_Your assignment_. Reproduce, exactly and only, the lines of the data that follows from the one containing "Ptolemäus Karte von" down to the one containing "Odraz – vítěz", without pictures.

_Records for this task_.
>>>>>

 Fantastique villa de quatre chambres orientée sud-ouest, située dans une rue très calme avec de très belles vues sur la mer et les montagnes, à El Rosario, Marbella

<<<<<
>>>>>

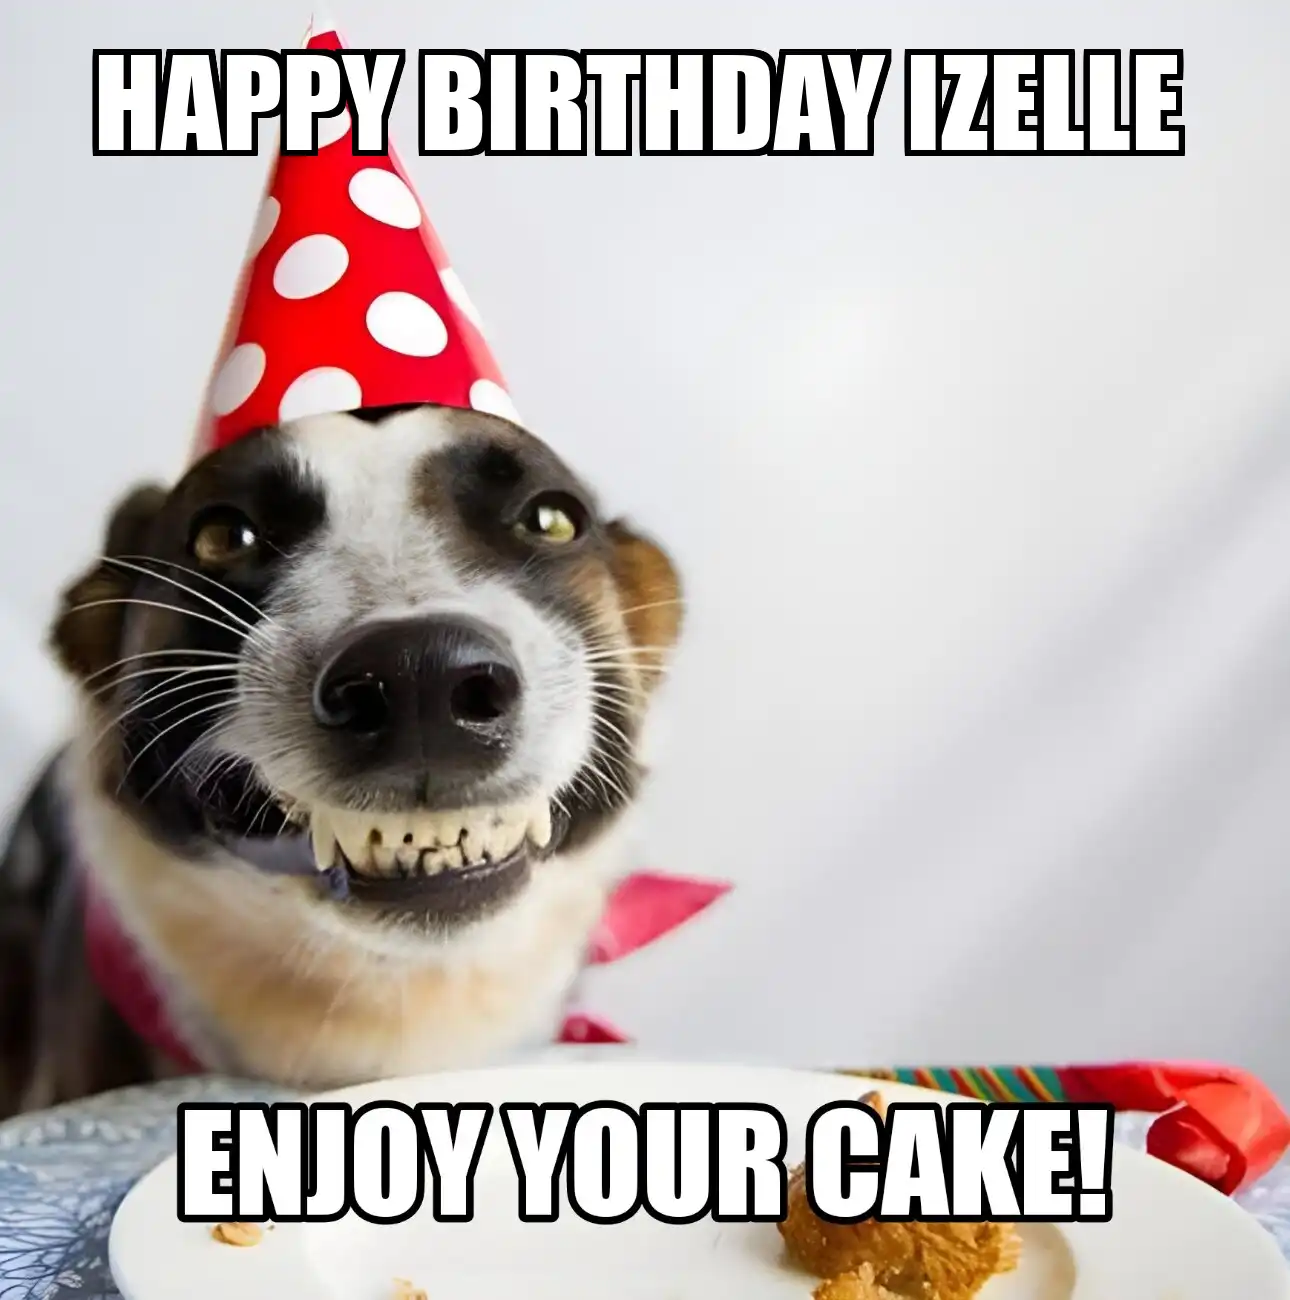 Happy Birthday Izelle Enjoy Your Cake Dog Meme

<<<<<
>>>>>

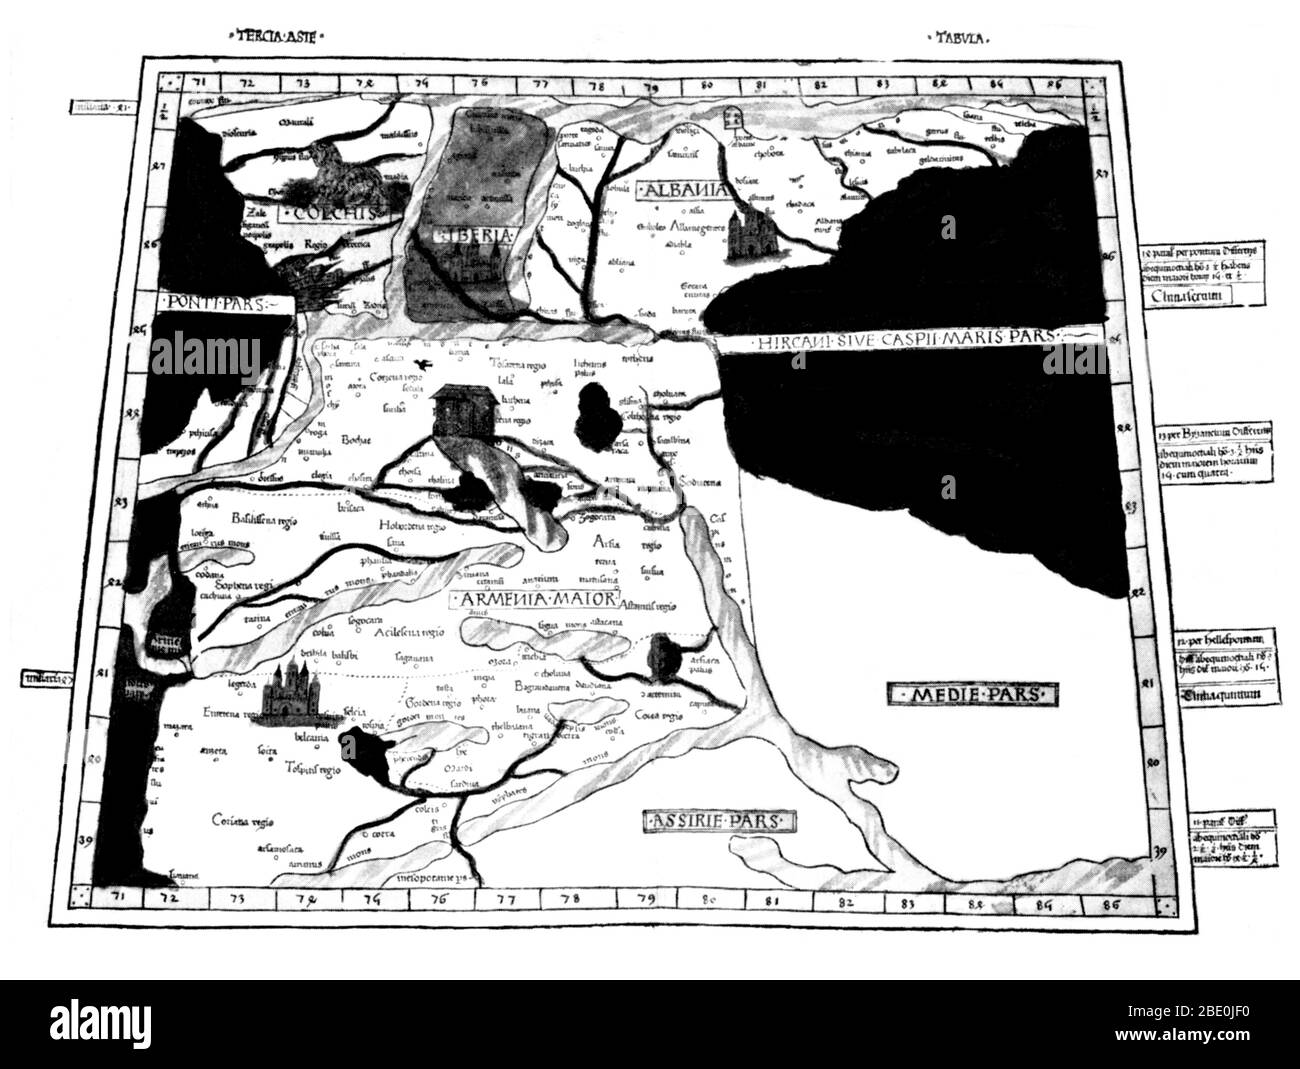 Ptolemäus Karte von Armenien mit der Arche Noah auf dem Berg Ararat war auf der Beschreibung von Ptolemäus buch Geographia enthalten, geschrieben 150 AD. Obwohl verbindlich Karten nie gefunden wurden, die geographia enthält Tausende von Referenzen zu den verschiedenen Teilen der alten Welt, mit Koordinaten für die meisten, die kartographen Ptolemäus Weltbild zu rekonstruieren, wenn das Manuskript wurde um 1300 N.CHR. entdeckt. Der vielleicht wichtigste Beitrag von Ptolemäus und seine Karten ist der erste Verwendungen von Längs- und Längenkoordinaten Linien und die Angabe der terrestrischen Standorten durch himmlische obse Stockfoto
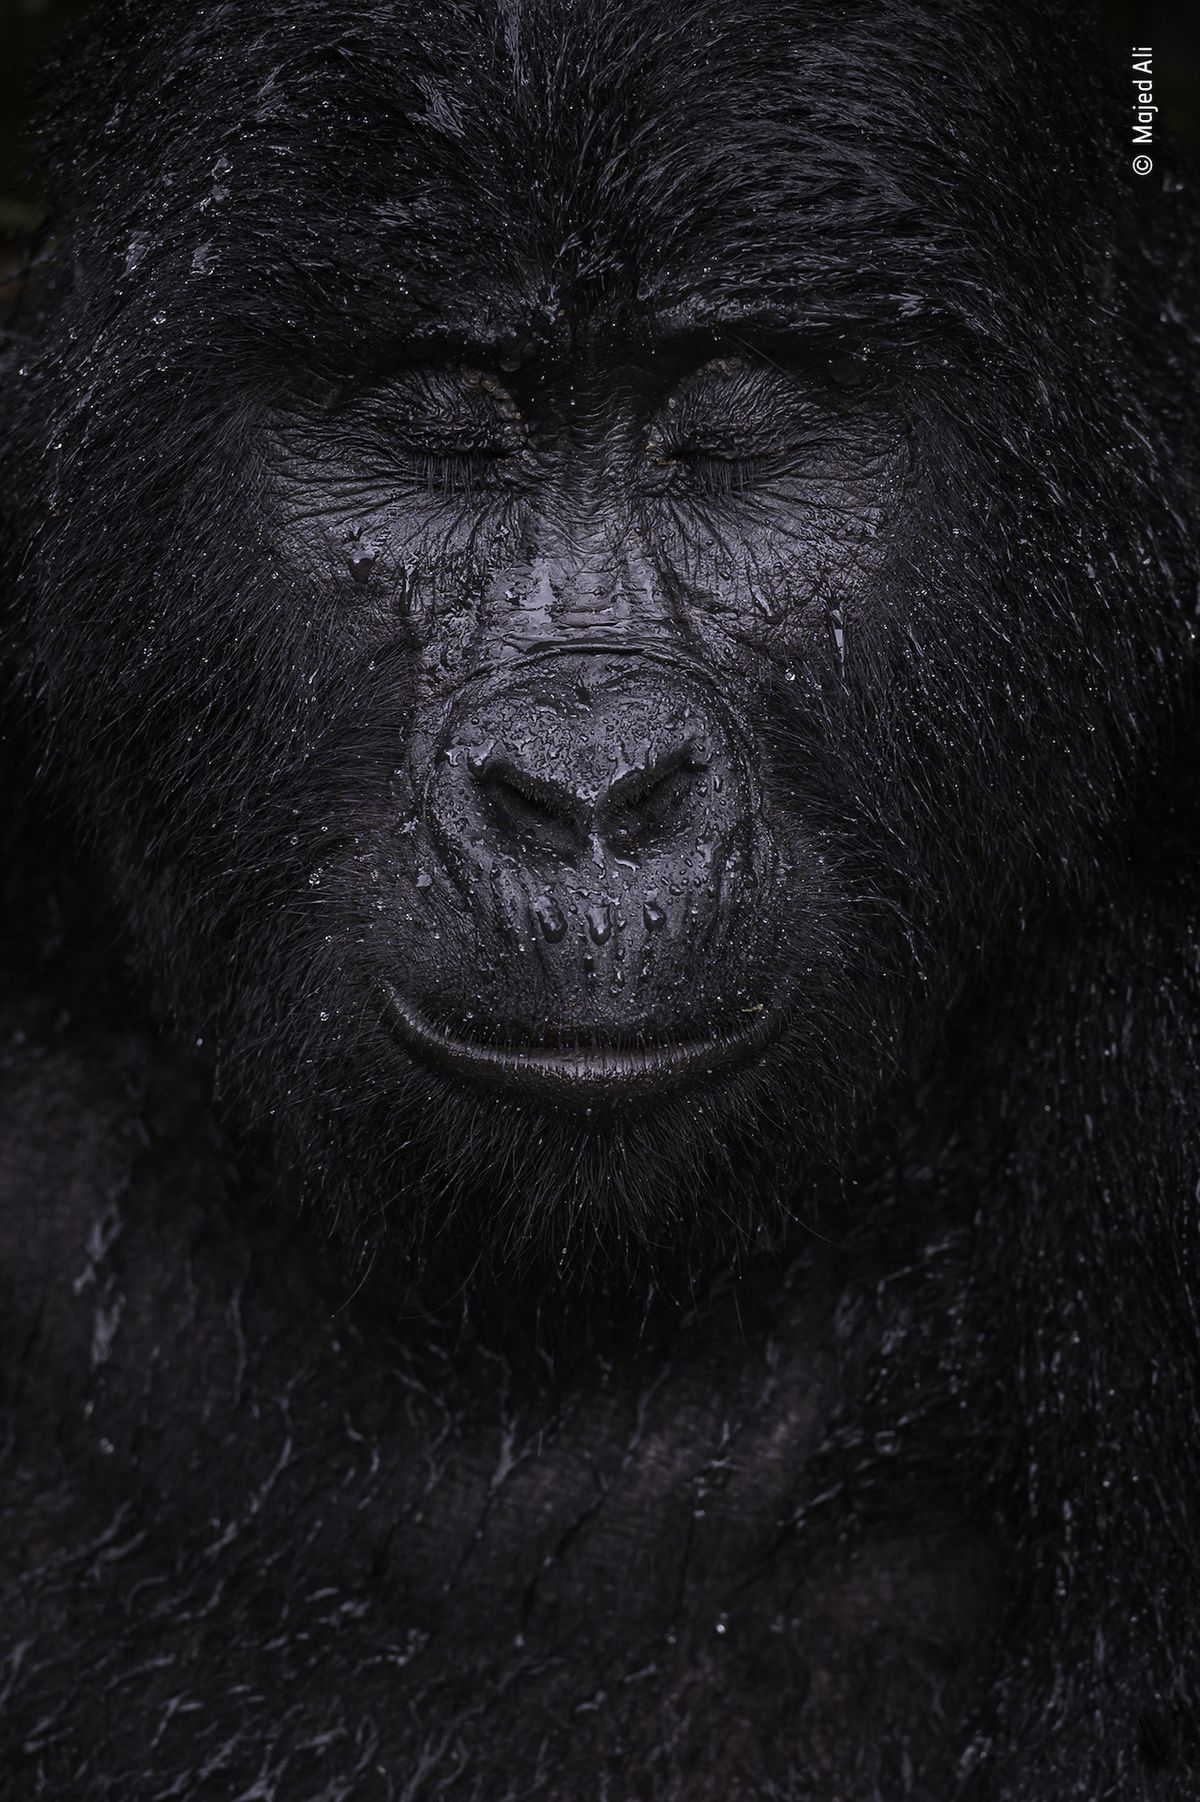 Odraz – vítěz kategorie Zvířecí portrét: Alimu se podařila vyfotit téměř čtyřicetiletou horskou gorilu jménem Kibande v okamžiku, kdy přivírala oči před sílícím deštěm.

<<<<<

_Response for this exercise_.
 Ptolemäus Karte von Armenien mit der Arche Noah auf dem Berg Ararat war auf der Beschreibung von Ptolemäus buch Geographia enthalten, geschrieben 150 AD. Obwohl verbindlich Karten nie gefunden wurden, die geographia enthält Tausende von Referenzen zu den verschiedenen Teilen der alten Welt, mit Koordinaten für die meisten, die kartographen Ptolemäus Weltbild zu rekonstruieren, wenn das Manuskript wurde um 1300 N.CHR. entdeckt. Der vielleicht wichtigste Beitrag von Ptolemäus und seine Karten ist der erste Verwendungen von Längs- und Längenkoordinaten Linien und die Angabe der terrestrischen Standorten durch himmlische obse Stockfoto
 Odraz – vítěz kategorie Zvířecí portrét: Alimu se podařila vyfotit téměř čtyřicetiletou horskou gorilu jménem Kibande v okamžiku, kdy přivírala oči před sílícím deštěm.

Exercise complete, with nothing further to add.